▶ [Supplied material]:

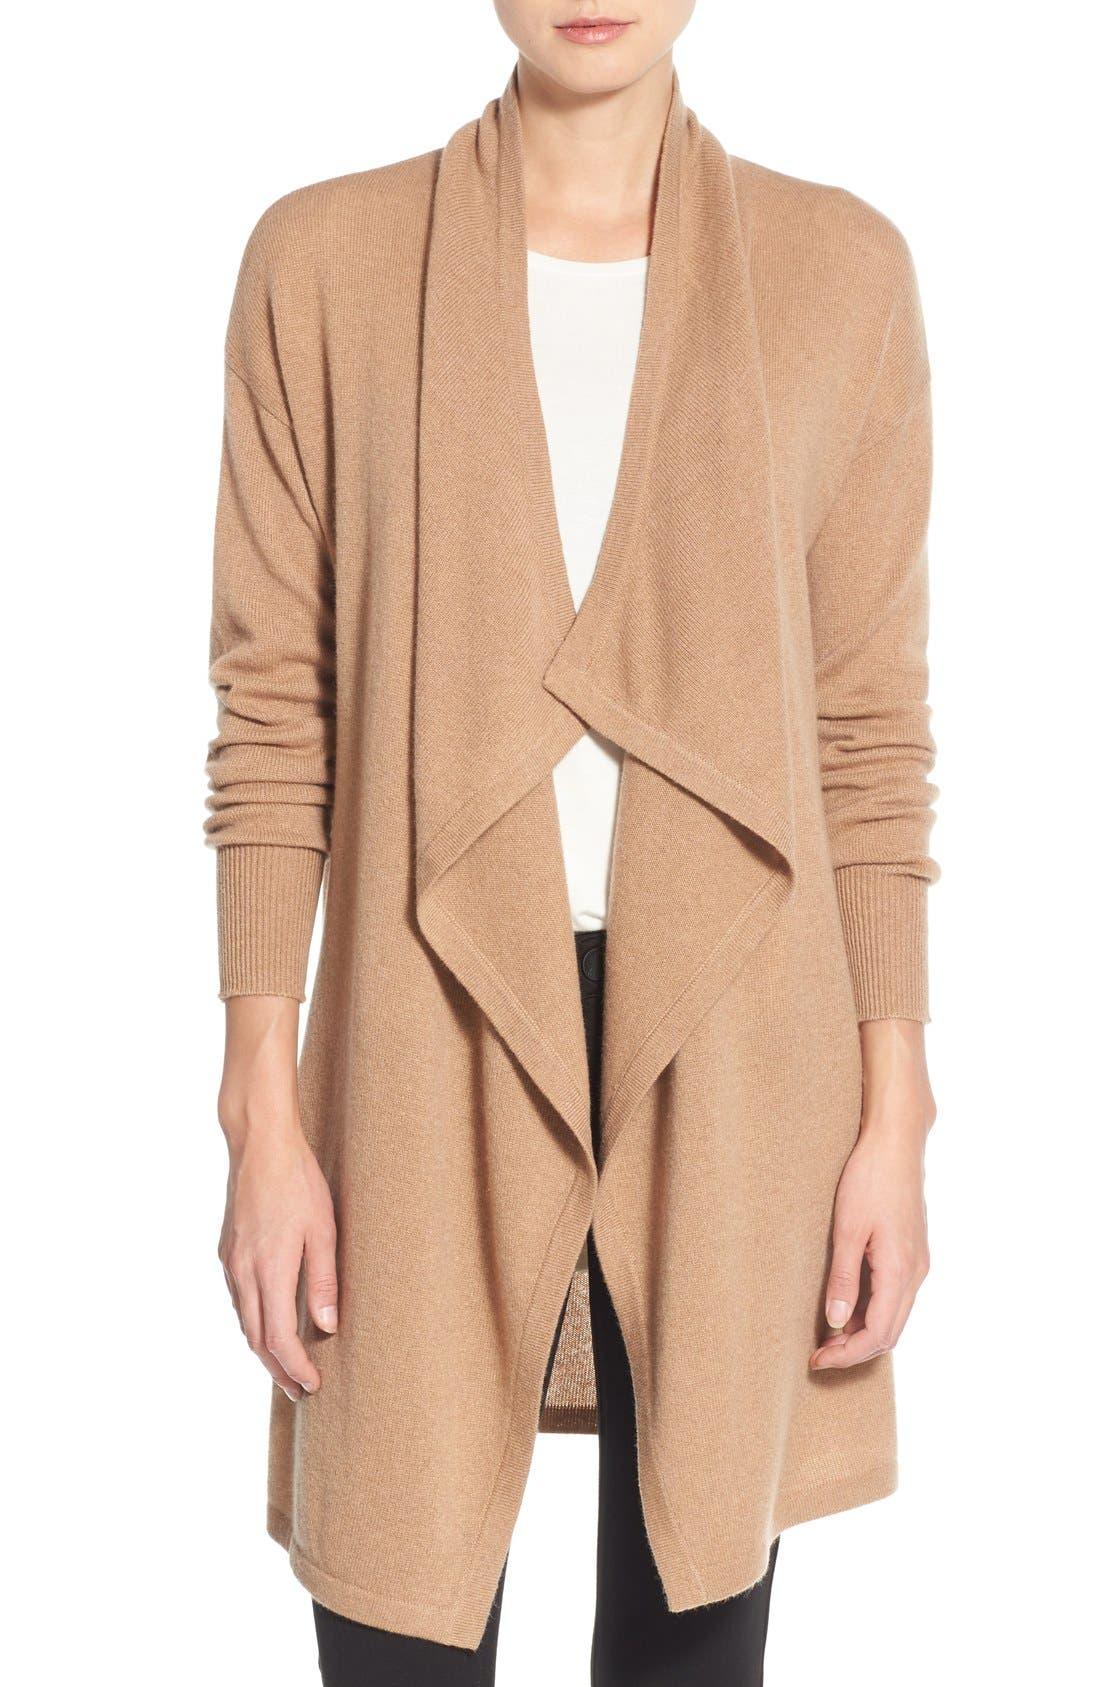 Alternate Image 1 Selected - Halogen® Cashmere Long Drape Front Cardigan (Regular & Petite)
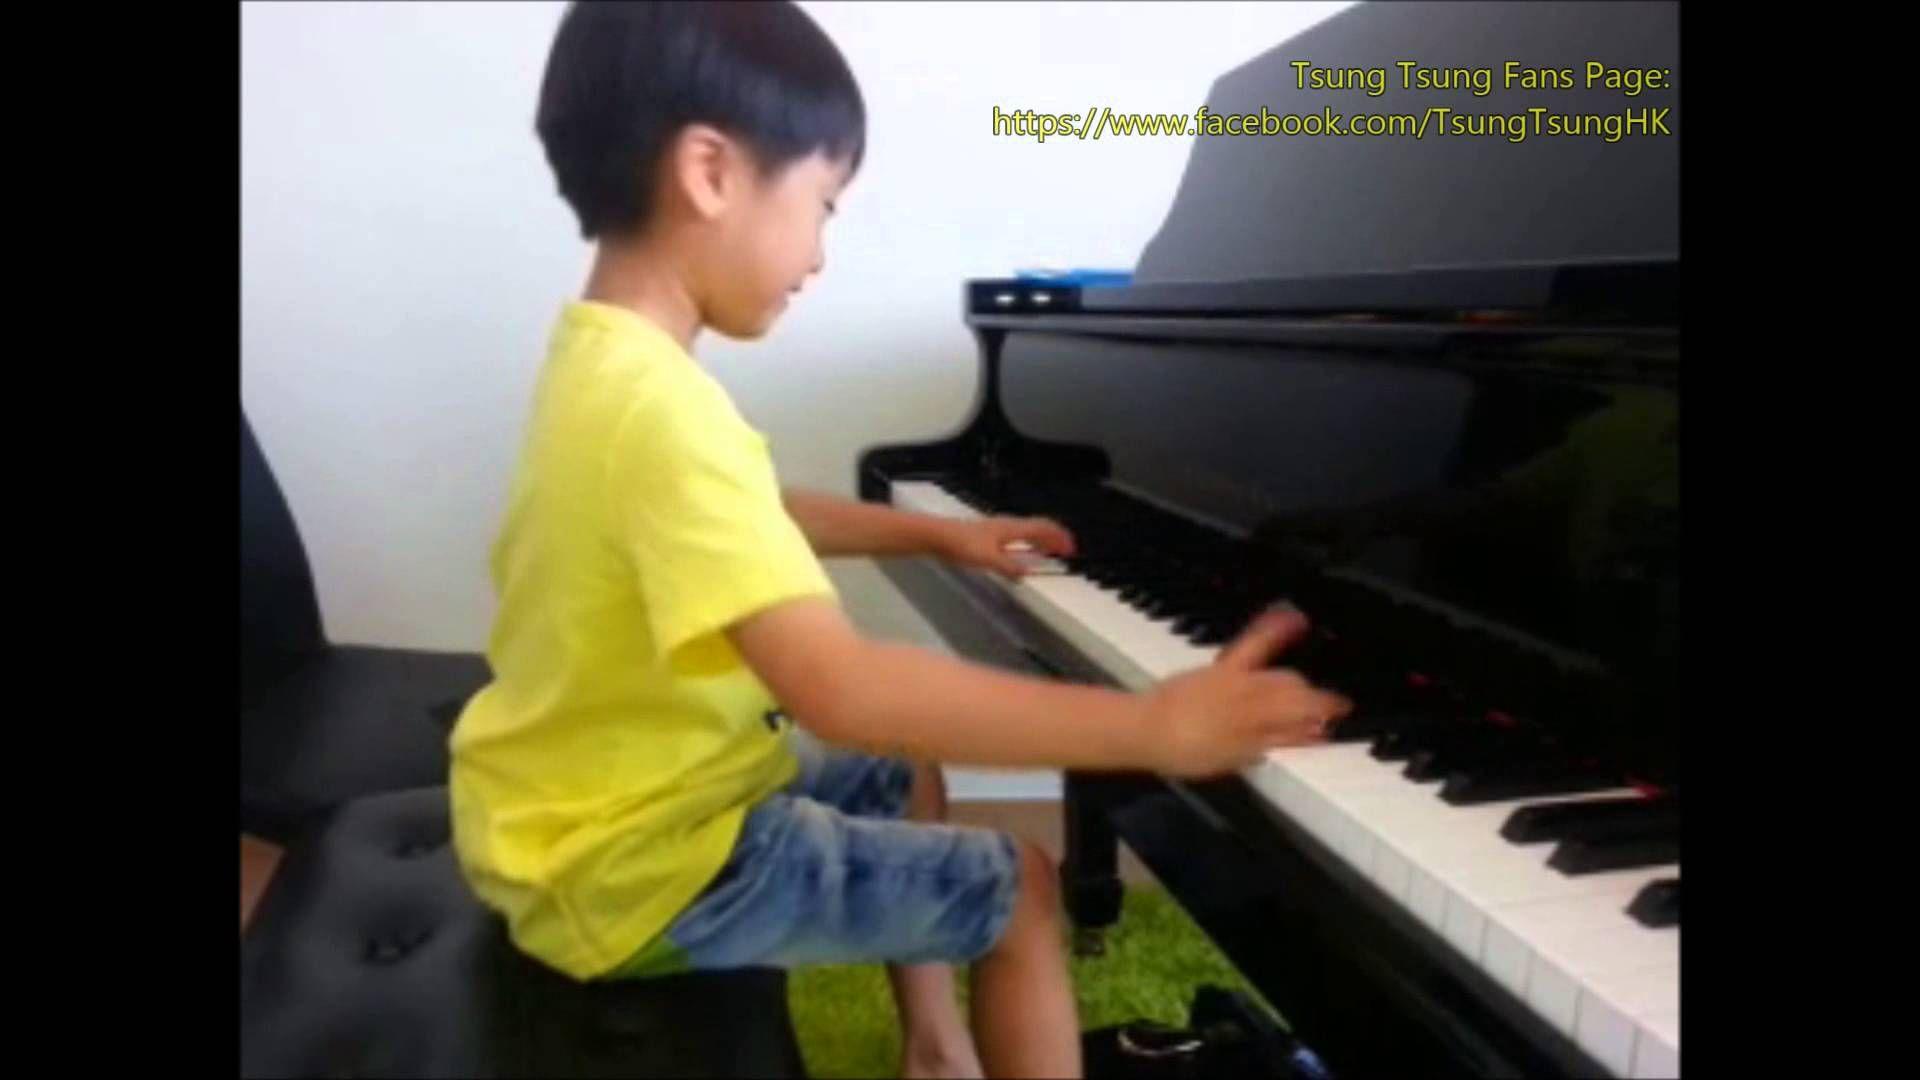 Piano Prodigy Tsung Tsung plays bumblebee - YouTube
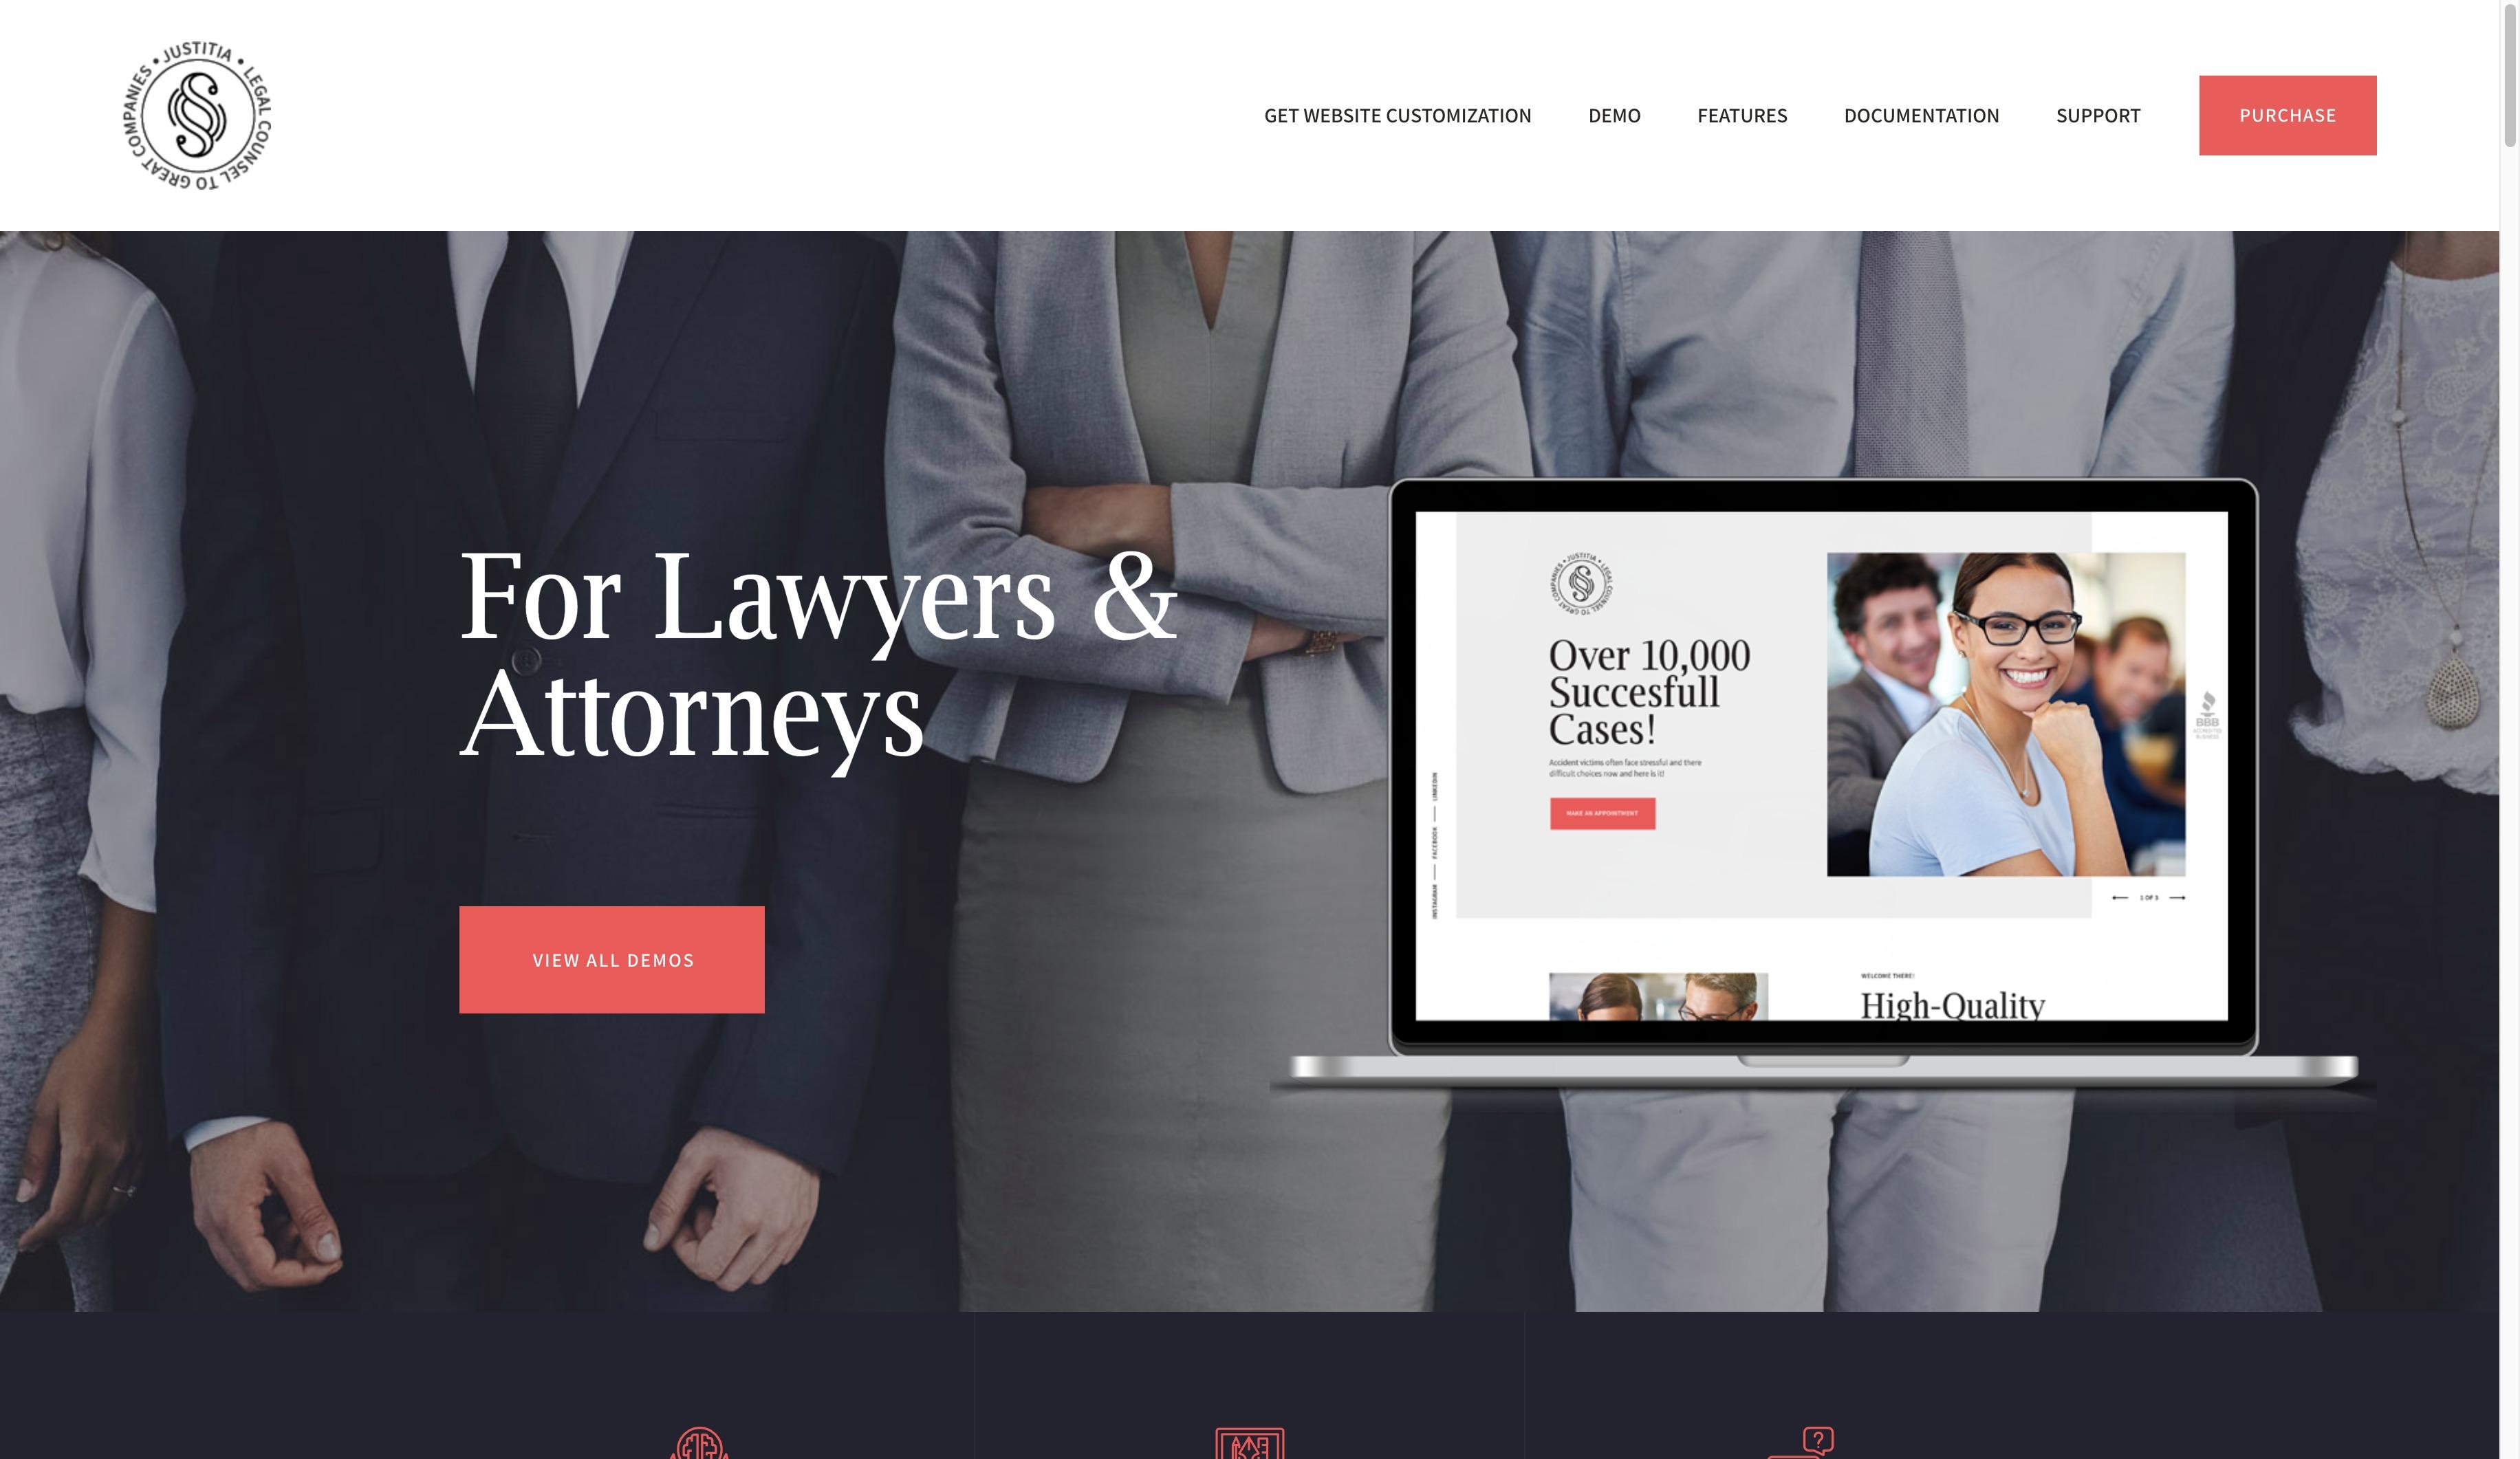 Justitia-律师事务所法律顾问WordPress主题

▶ [Description of the task]: An exact copy of all the data above is required; omit any pictures.

▶ [Completed exercise]:
 Alternate Image 1 Selected - Halogen® Cashmere Long Drape Front Cardigan (Regular & Petite)
 Piano Prodigy Tsung Tsung plays bumblebee - YouTube
 Justitia-律师事务所法律顾问WordPress主题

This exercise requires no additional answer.